## Instructions for the task
In the data below, locate the line containing "Brunels SS Great" and the line containing "Exquisites Hotel für die ganze Familie", then retype both and everything between them exactly. Pictures are not part of the copy.

## Data for analysis
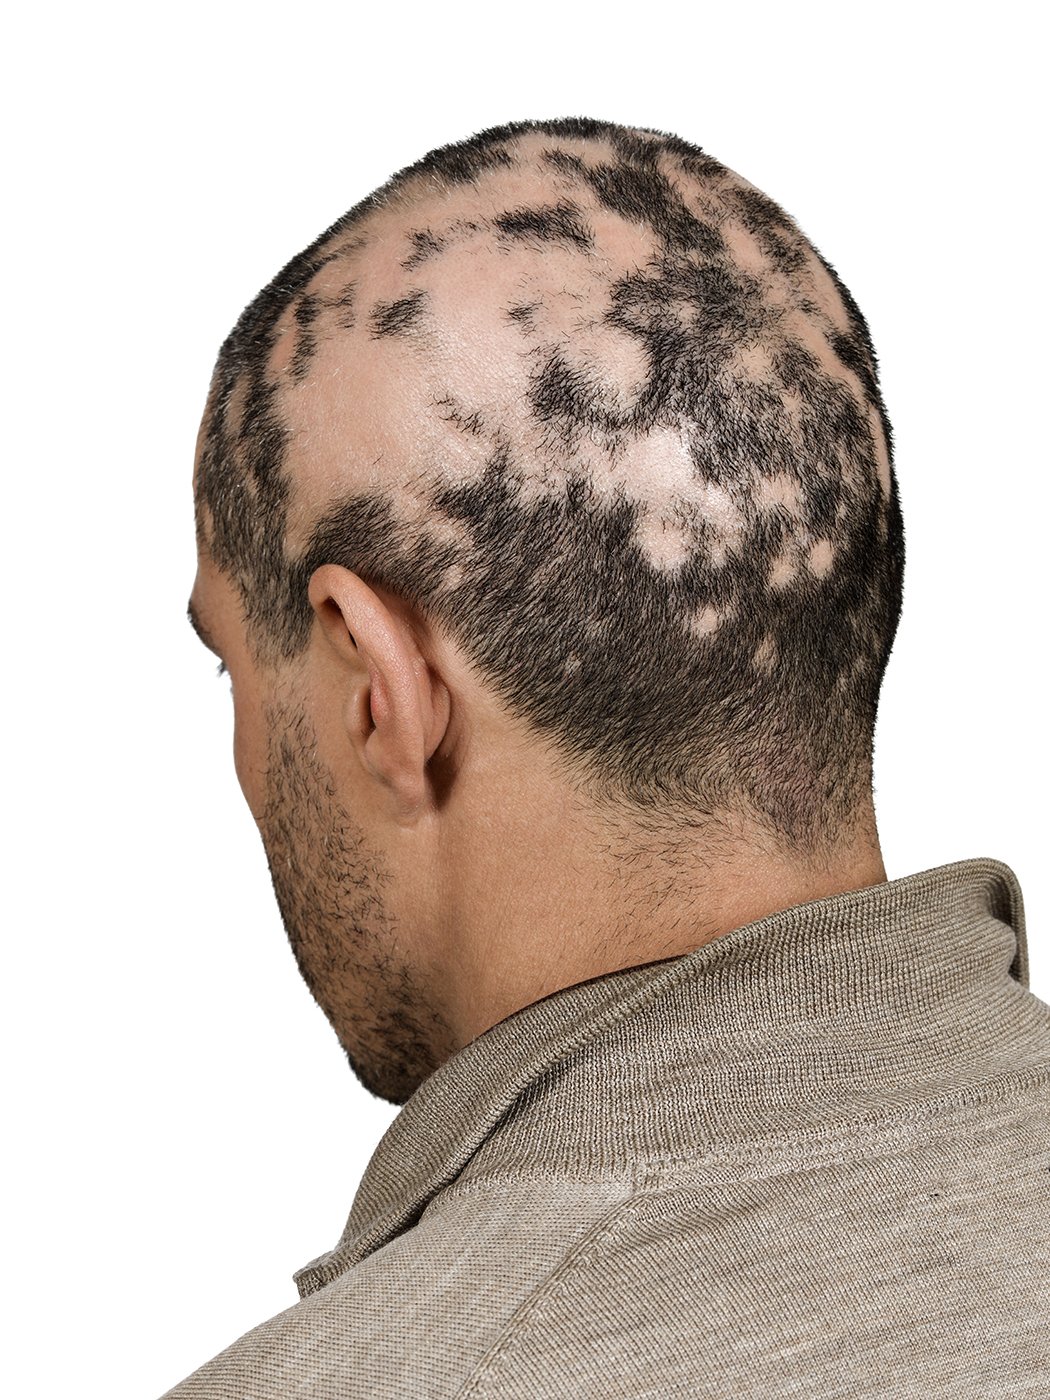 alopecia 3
--
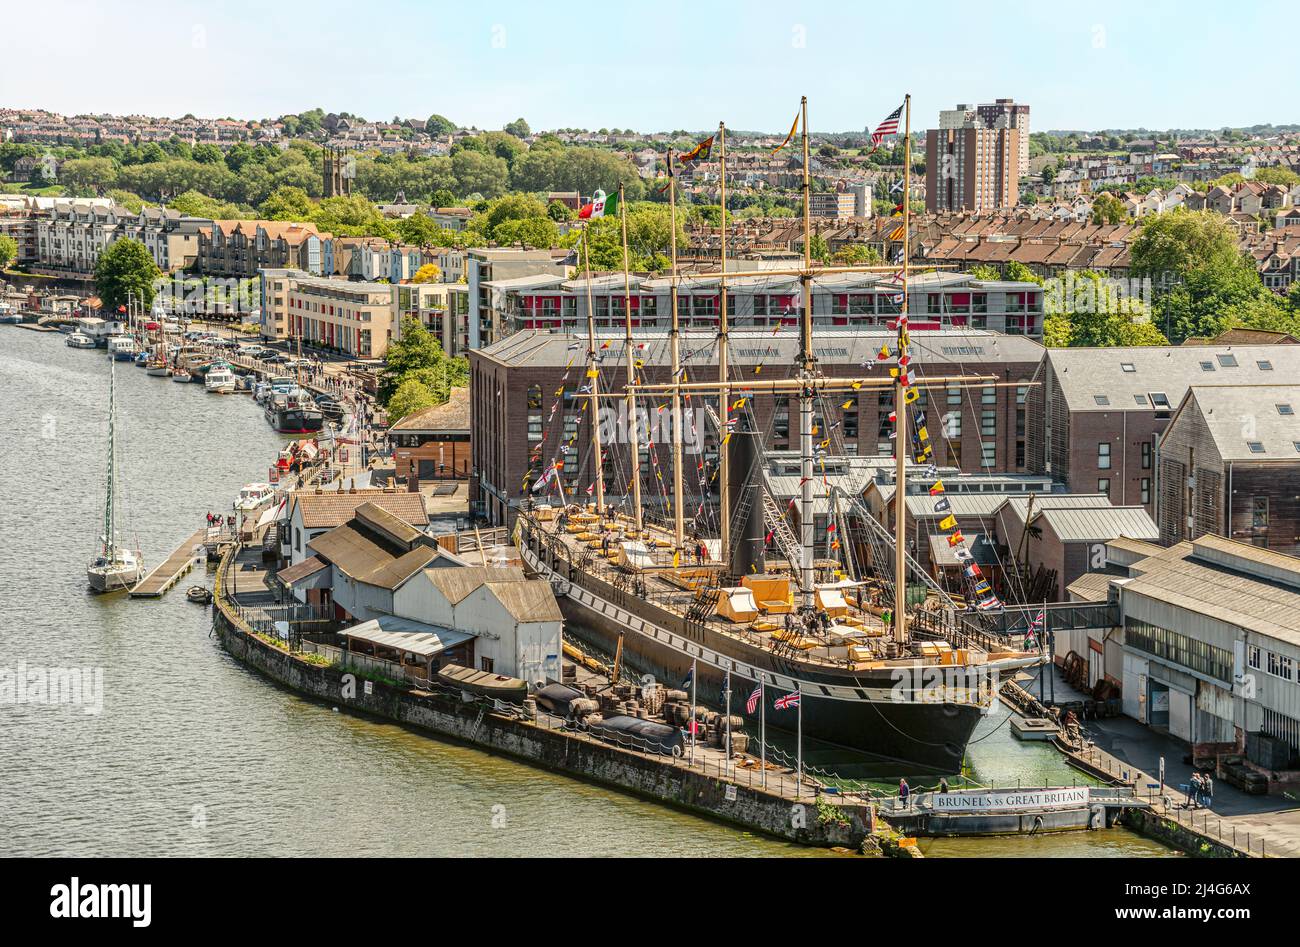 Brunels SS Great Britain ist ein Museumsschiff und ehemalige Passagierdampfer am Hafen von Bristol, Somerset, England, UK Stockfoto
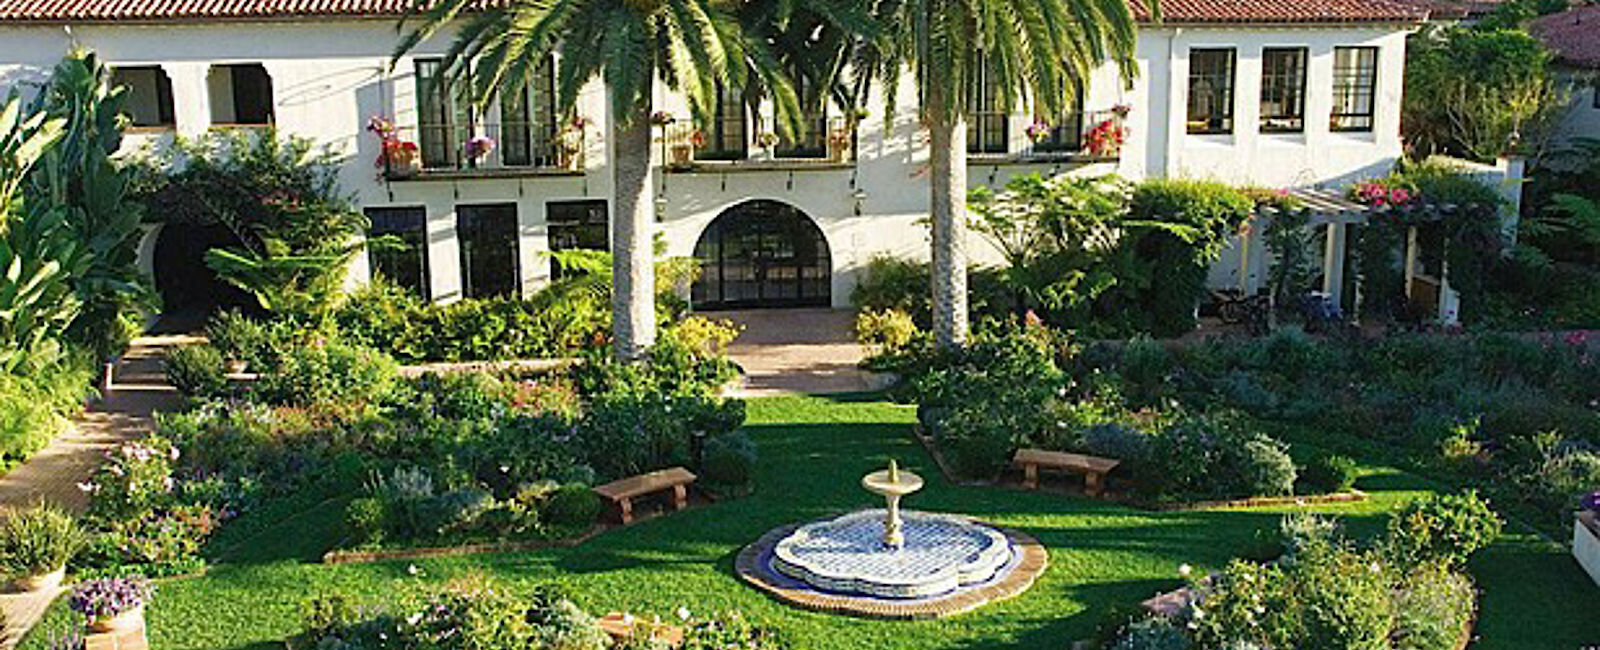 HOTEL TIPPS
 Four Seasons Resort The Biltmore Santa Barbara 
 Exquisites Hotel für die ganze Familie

## Solution to this problem
 Brunels SS Great Britain ist ein Museumsschiff und ehemalige Passagierdampfer am Hafen von Bristol, Somerset, England, UK Stockfoto
 HOTEL TIPPS
 Four Seasons Resort The Biltmore Santa Barbara 
 Exquisites Hotel für die ganze Familie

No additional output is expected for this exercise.